### TASK REQUIREMENTS
Copy the lines below, please, starting with the one that contains "Covid-19: Confira o" and ending with the last. Pictures stay out.

### DATA EXTRACT
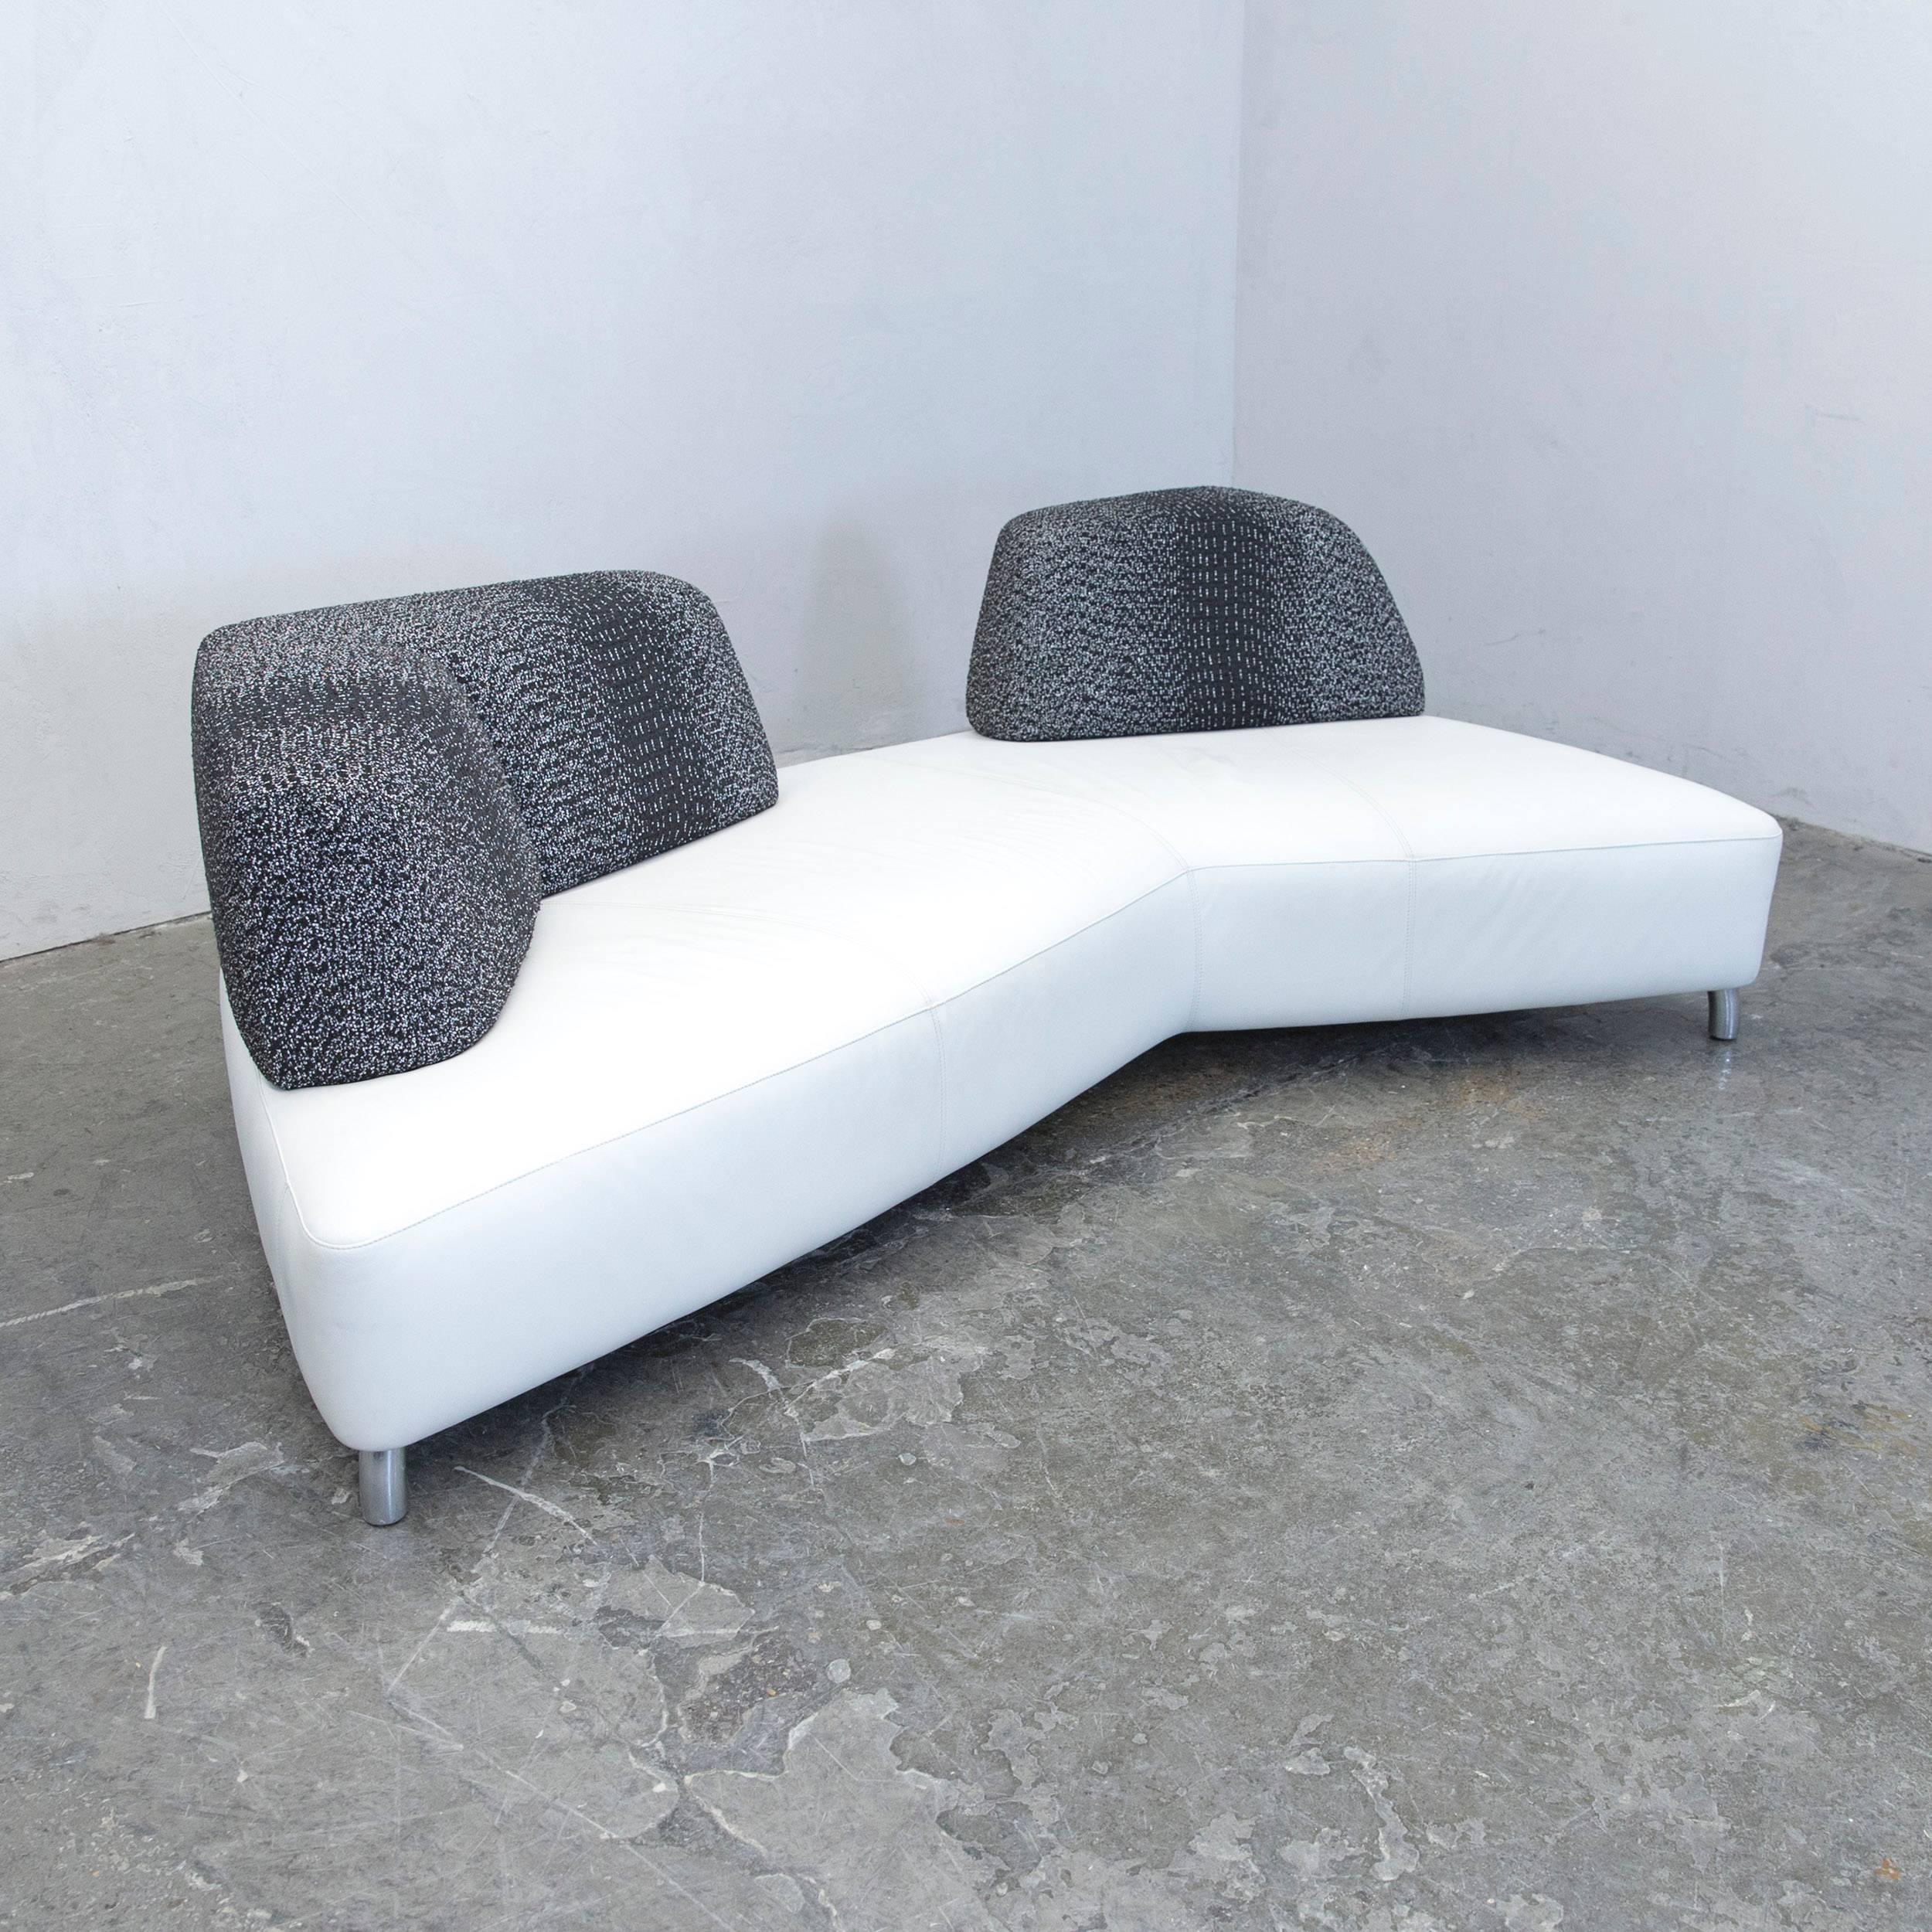 German Leolux Designer Sofa Set Leather White Black Couch Modern For Sale
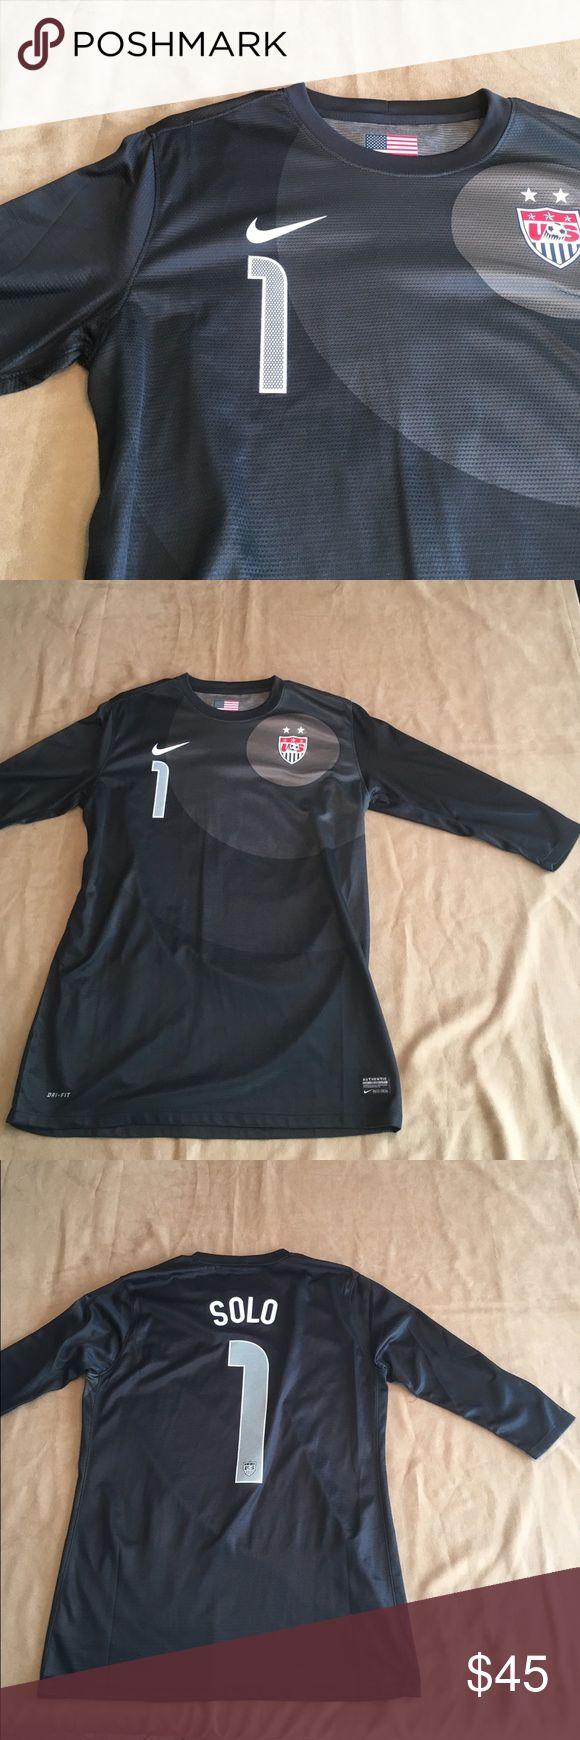 Nike dryfit Hope Solo soccer jersey Nike dryfit Hope Solo soccer jersey. New without tags. Nonsmoking home. Nike Tops
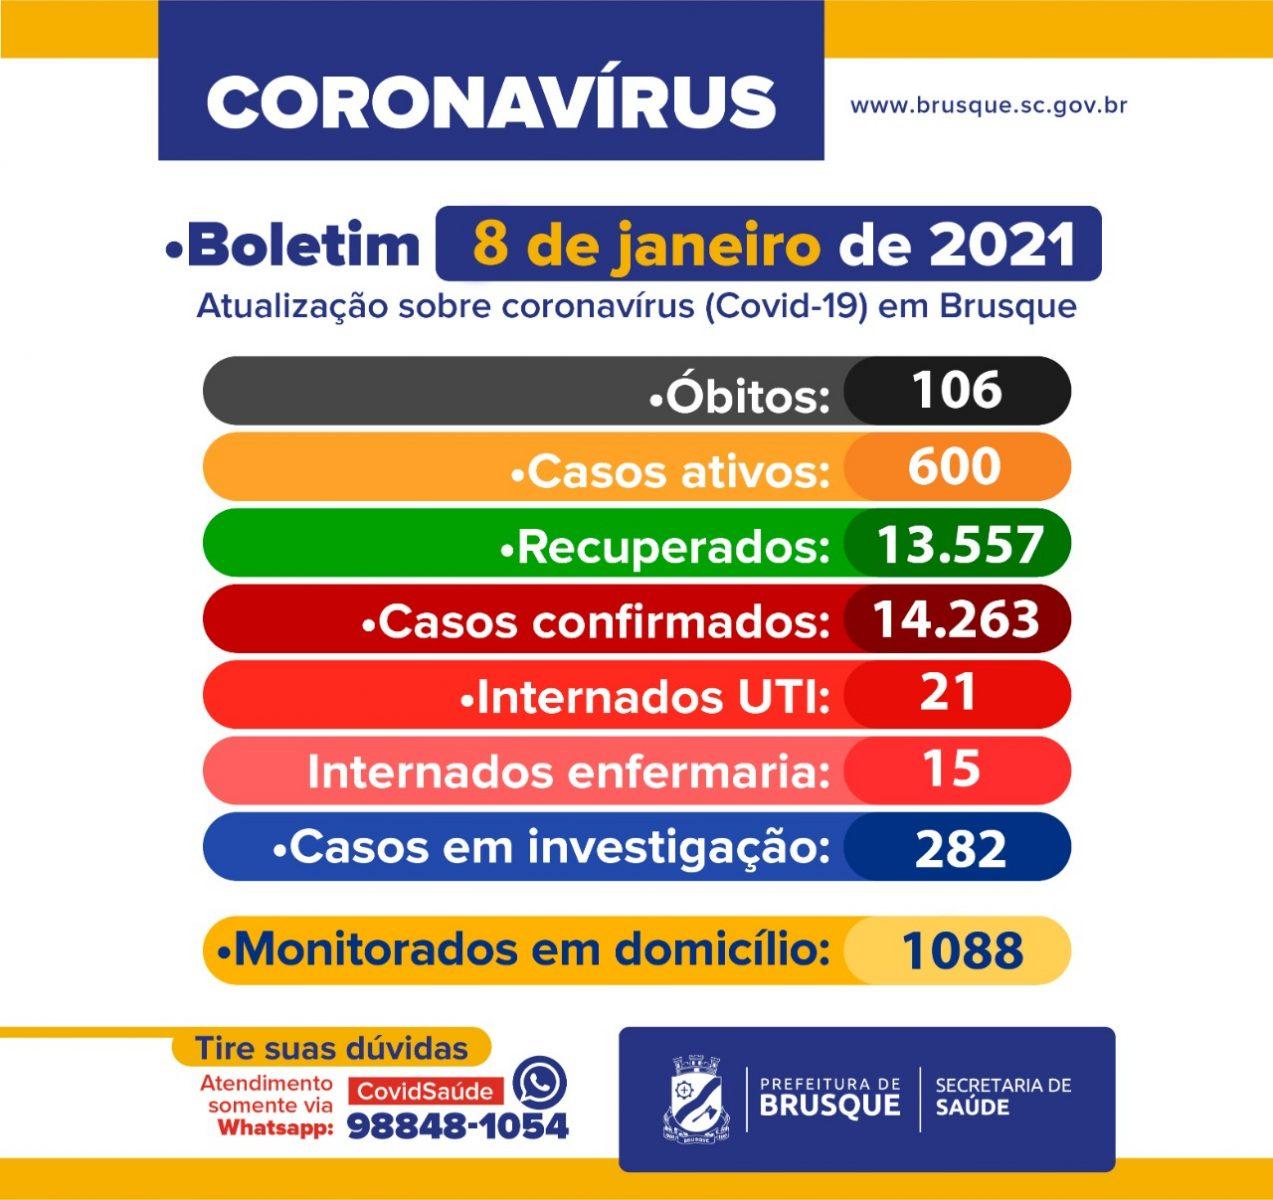 Covid-19: Confira o boletim epidemiológico desta sexta-feira (8)
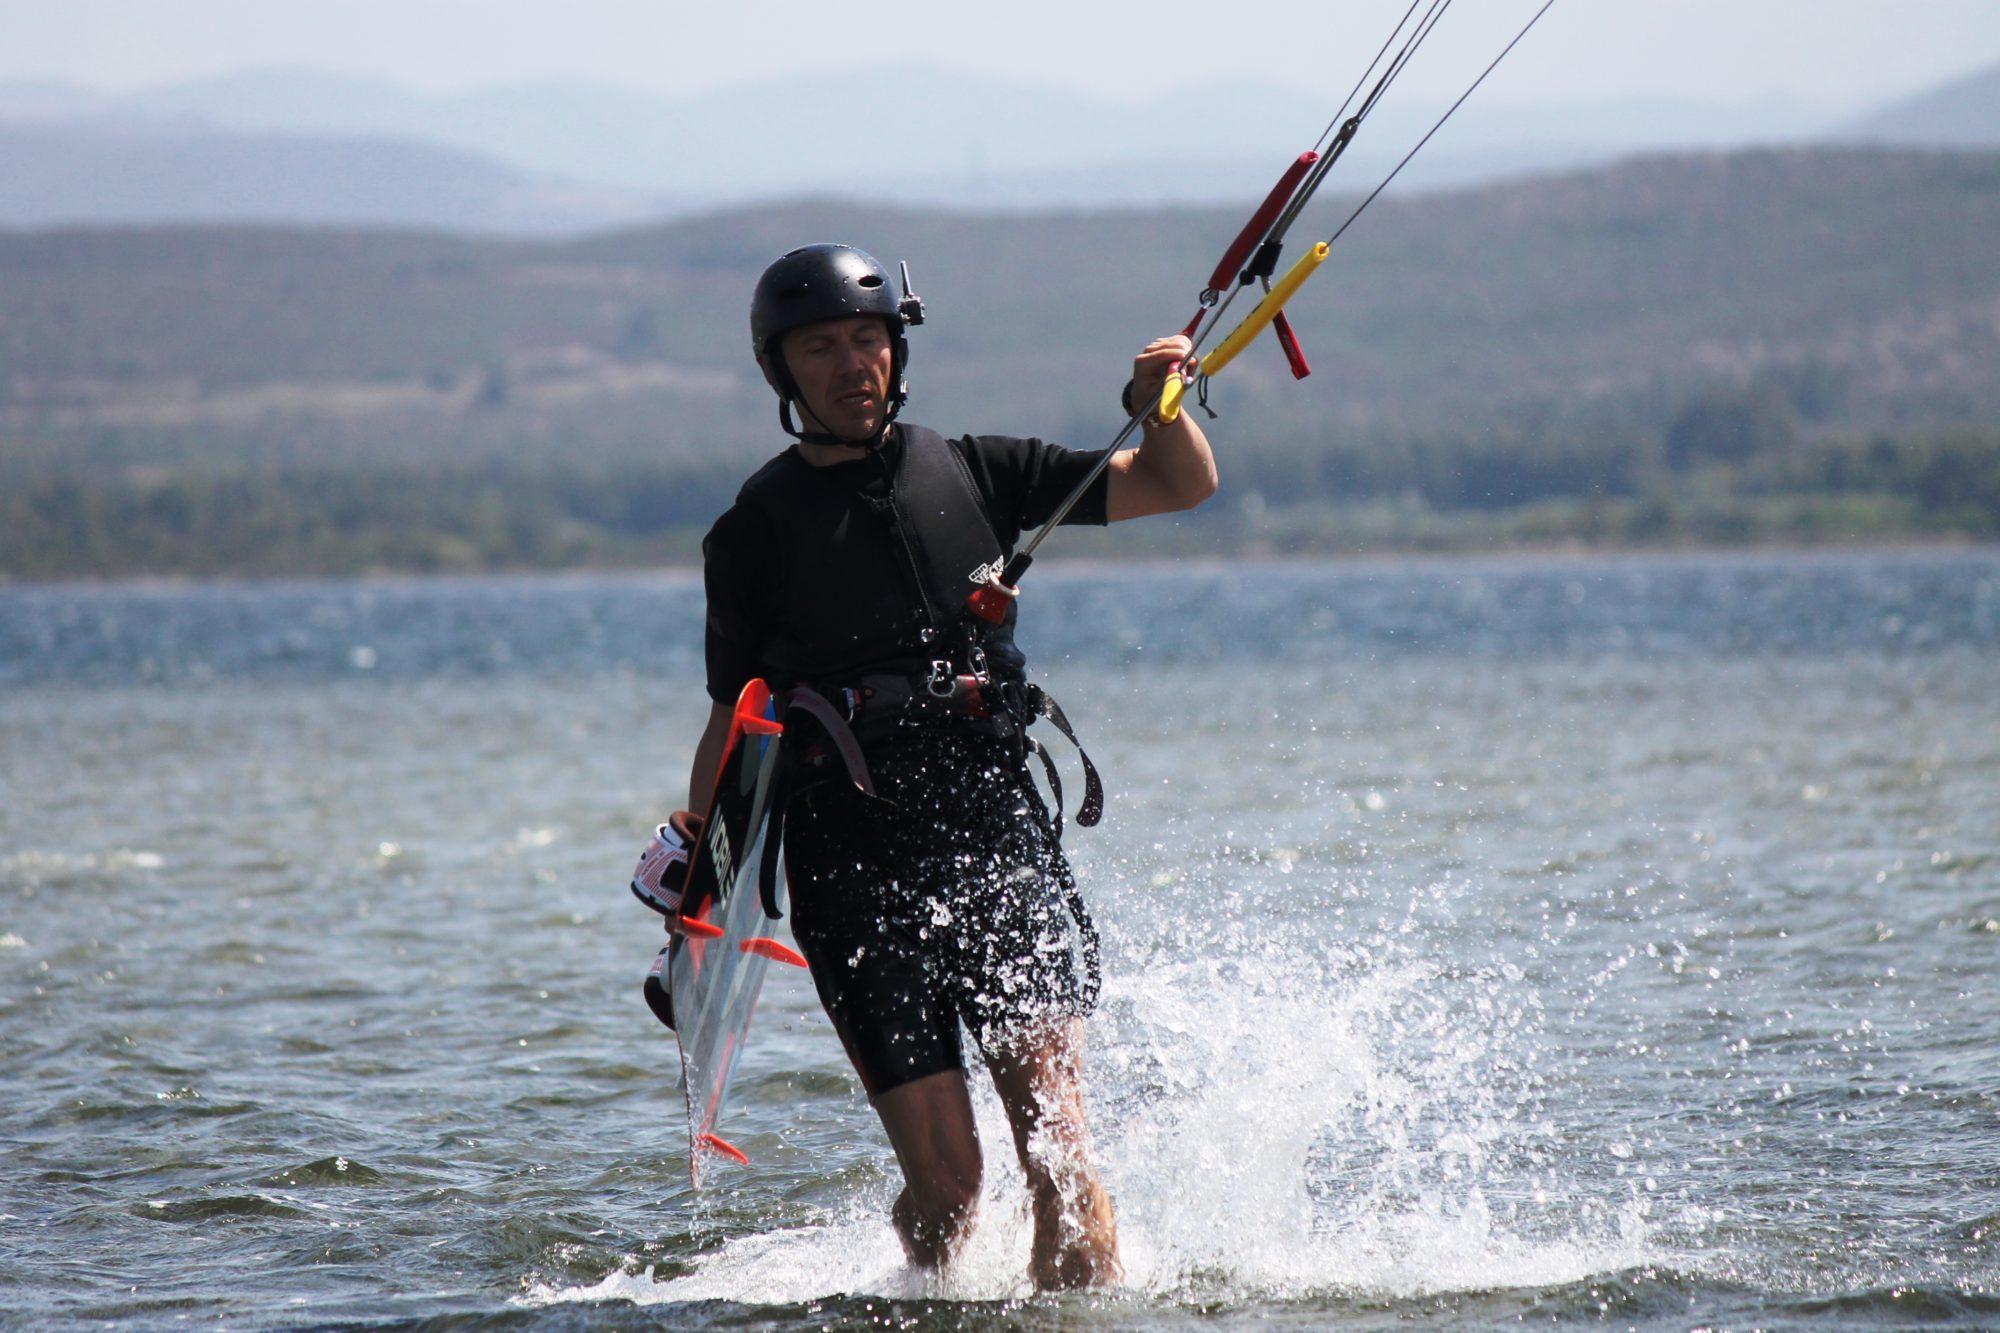 Learn Kitesurfing in Punta Trettu Sardinia

### TASK RESULT
 Covid-19: Confira o boletim epidemiológico desta sexta-feira (8)
 Learn Kitesurfing in Punta Trettu Sardinia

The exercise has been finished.